Кажется, не врал. Но от парня веяло каким-то безумием. А сумасшедшие вполне могут верить в тот бред, который несут. Но мне — несчастному отцу хватало даже такой хлипкой соломинки, чтобы ухватиться за новую надежду.

— Нам нужен главный вход и служебный лифт, верно? — переспросил я.

— Да! Да! Шахтерская клеть. Она в холле. Дождитесь сигнала. У вас будет совсем мало времени на спуск и обратный подъем. Если не хотите застрять… Черт возьми! Черт! Зачем я рассказал об этом. Вы тоже заплутаете!

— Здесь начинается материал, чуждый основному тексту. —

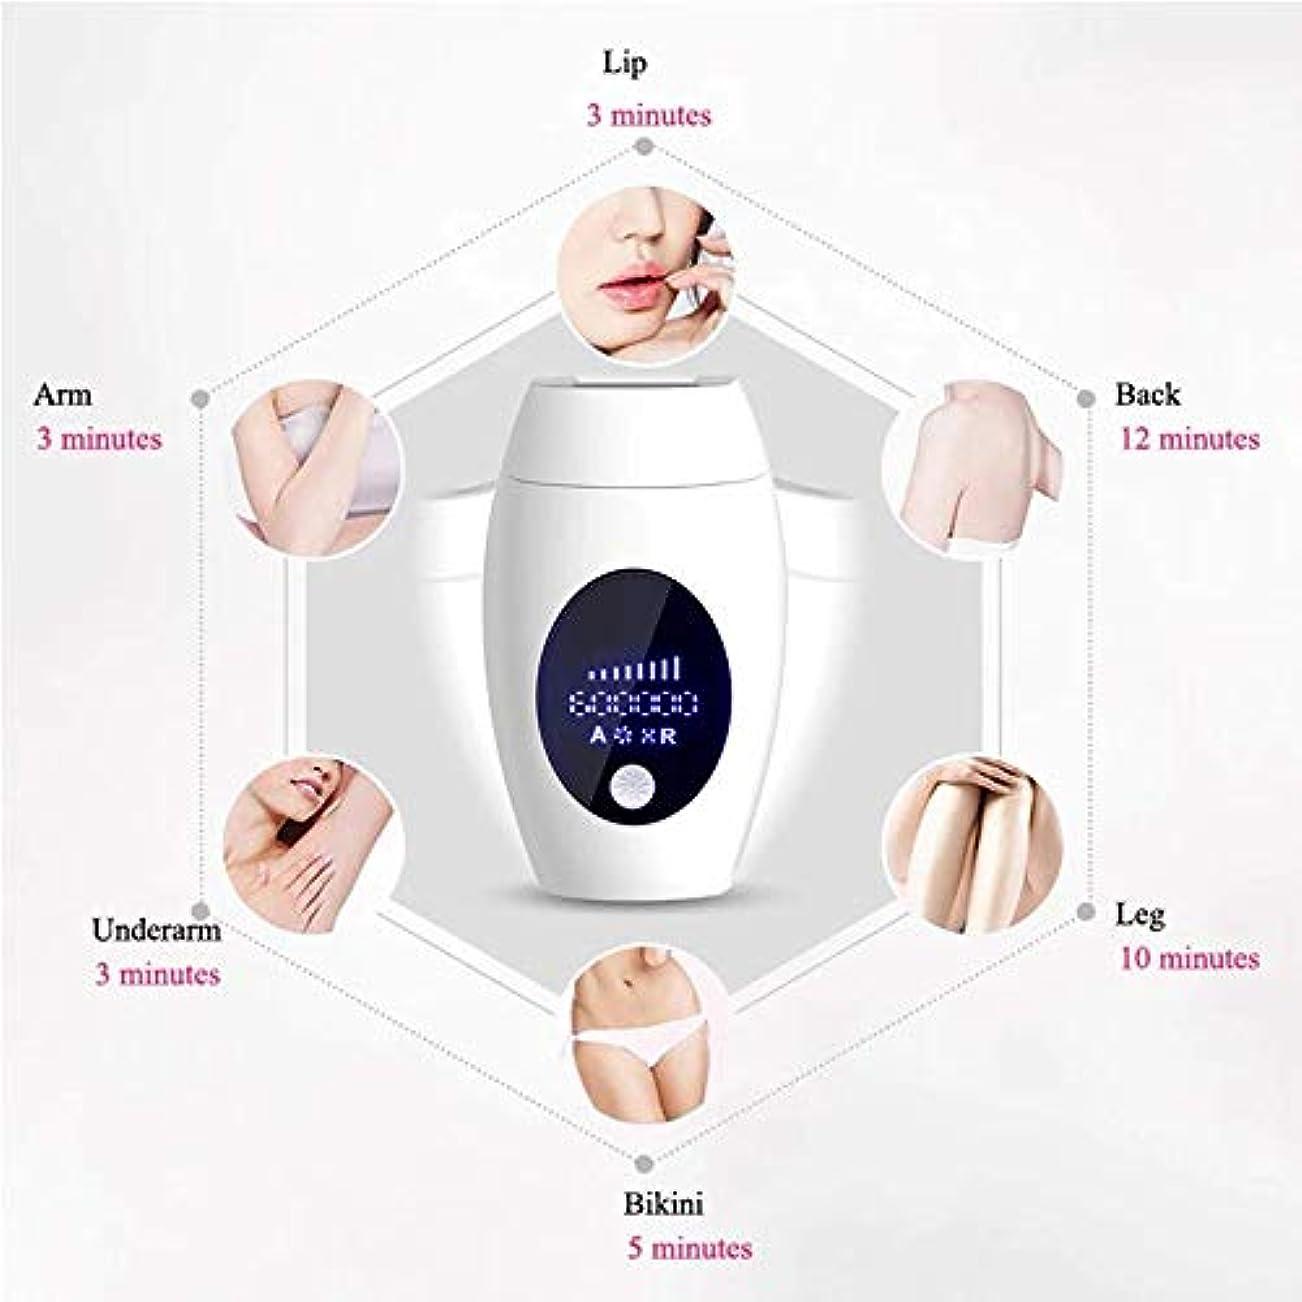 光一明るいレーザー脱毛デバイスは、永久無痛600,000点滅し、8つのエネルギーレベルに女性と男性のためのフェイシャル?プロフェッショナルレーザー脱毛システムをアップグレード

Или встретите ИХ!

— Их? — переспросил я.

В глазах юноши застыл ужас.

— Нам пора, Вить, — не унимался у двери Руслан.

— Дети тоже могли встретить их. И тогда все напрасно. Не нужно туда ходить, прошу вас. Слишком много времени стоит на кону!

— Дети в опасности? — строго спросил я.

Юноша закивал.

— Но они живы?

— Думаю, да, но у вас осталось меньше получаса.

Я посмотрел на Руслана.

— Парень — идиот, мы зря теряем время, — хотел, наверное, произнести мой товарищ.

Но мое чутье подсказывало иное, и я схватил со стола ключи от наручников. Щелкнул замок. Браслеты упали на пол.

— Ты что творишь? С ума сошел?! — взялся за голову Руслан.

— Ты пойдешь с нами и проведешь в шахту. И только попробуй соврать — останешься там навечно!

Коридор был пуст. Лишь несколько голосов раздавались из соседнего кабинета. Я быстро повел юношу к выходу. Руслан негромко выругался и тут же догнал нас. Втроем мы прошли мимо сидящего за стеклом дежурного и вскоре оказались на улице.

— А вы куда это собрались? Эй! — крикнул вслед сотрудник.

— Машина в двух кварталах. Бегом! — скомандовал я, и мы, не сговариваясь, рванули по тротуару.

***

— Куда мы едем? Почему этот парень не в участке? — с тревогой спросила супруга, когда авто выехало на широкий проспект Октября.

— Все узнаешь в свое время, — ответил я и обогнал несколько авто по встречке.

Ограда парка уже виднелась в лобовом стекле, когда где-то сзади завыла полицейская сирена. Я выкрутил руль, и машина повернула на одностороннюю дорогу.

— Черт, пробка до самого перекрестка! Нужно было поехать иной дорогой! — сокрушался Руслан.

— А зачем нам дорога? — улыбнулся я и выехал на тротуар.

— Да вы что с ума посходили! — вопила Яна, все больше впадая в истерику.

Полицейская машина не отставала.

— Остановитесь немедленно! Виктор, не дури! — Прошипел громкоговоритель.

Но мы уже мчались по главной аллее парка, заставляя редких прохожих испуганно жаться края тротуара.

— Осторожно! — завопила Алина и указала пальцем в лобовое стекло.

Громко заскрипели тормозные колодки, и машина встала как вкопанная прямо перед пожилым мужчиной. Он был одет в элегантную черную шляпу, зеленое пальто, а в руках держал деревянную стремянку. Старик обвел нас острым взглядом, хитро улыбнулся и как ни в чем не бывало, поплелся дальше, напевая под нос какую-то старую песенку про время. Впрочем, я не расслышал его слова и втопил, что было мочи в газ.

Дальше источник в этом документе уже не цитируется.